Find, in the records below, the line that contains "Love Basketball T-Shirt" and the line that contains "Portrait of a". Copy those two lines and everything between them exactly, but not the pictures.

● Supplied records
#####
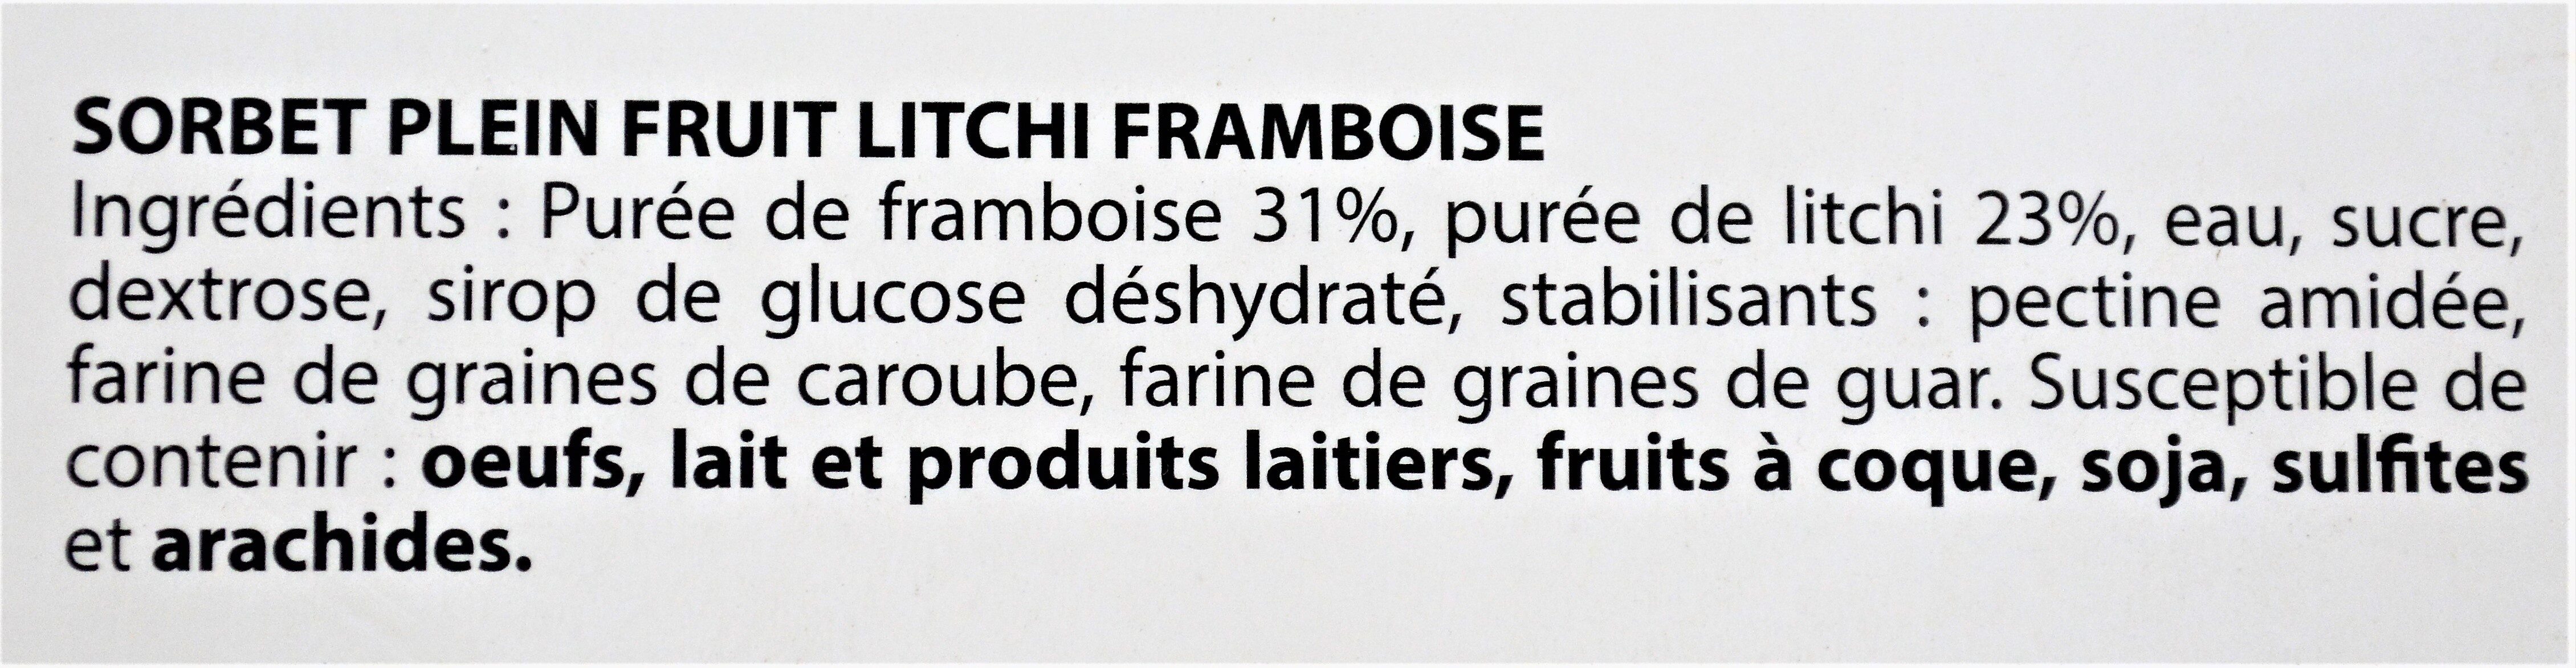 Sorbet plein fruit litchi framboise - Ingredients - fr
#####
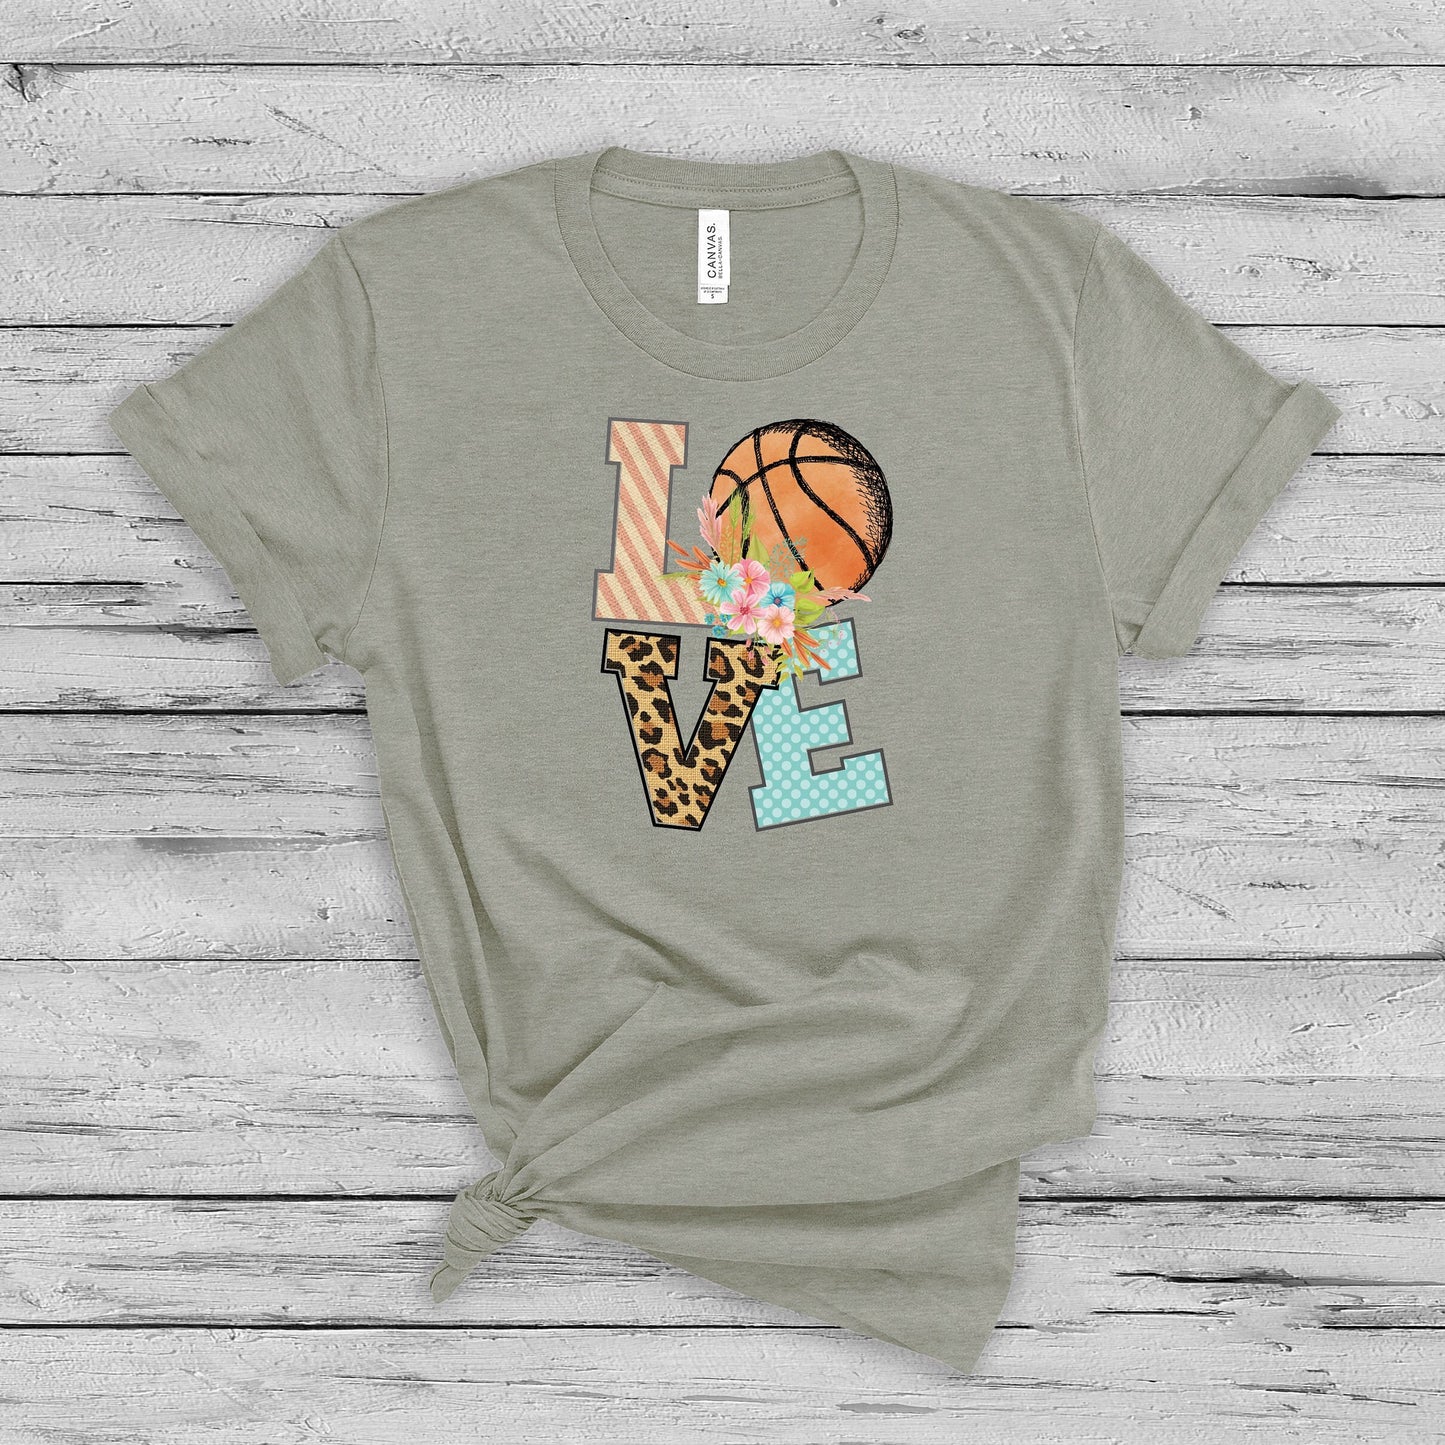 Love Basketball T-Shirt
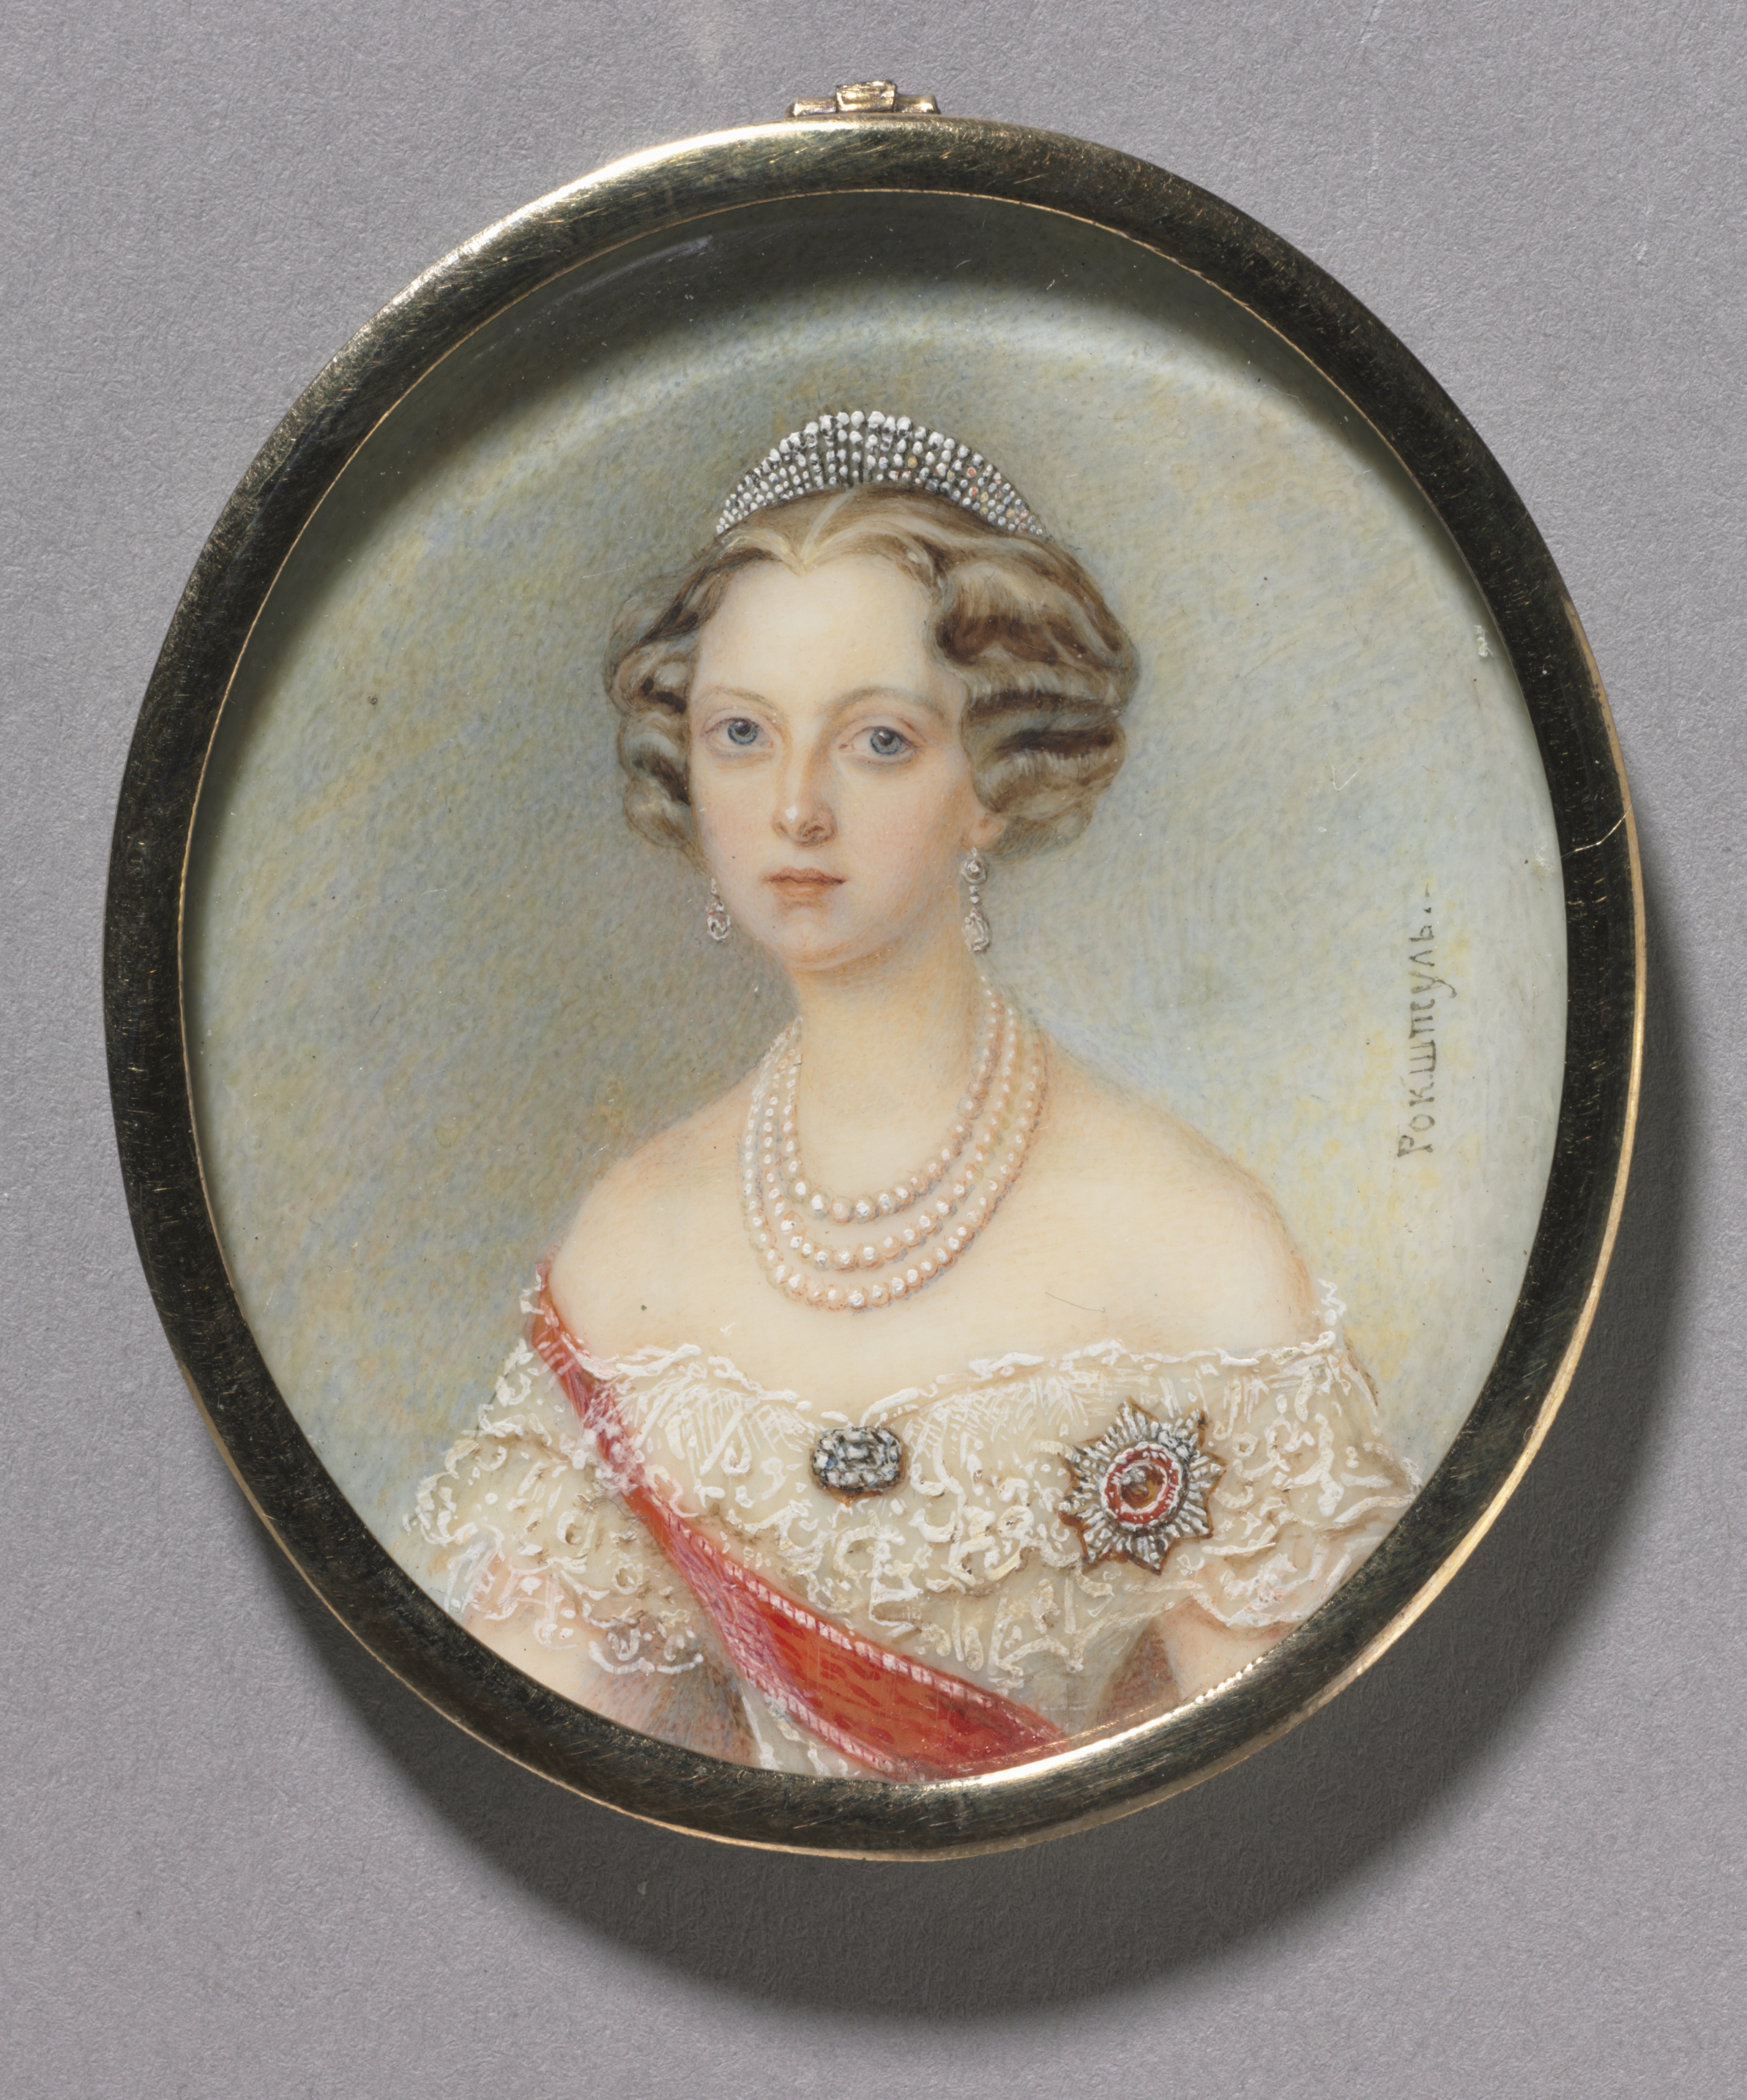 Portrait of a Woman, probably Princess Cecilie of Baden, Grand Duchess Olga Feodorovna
#####
● Solution to this task
 Love Basketball T-Shirt
 Portrait of a Woman, probably Princess Cecilie of Baden, Grand Duchess Olga Feodorovna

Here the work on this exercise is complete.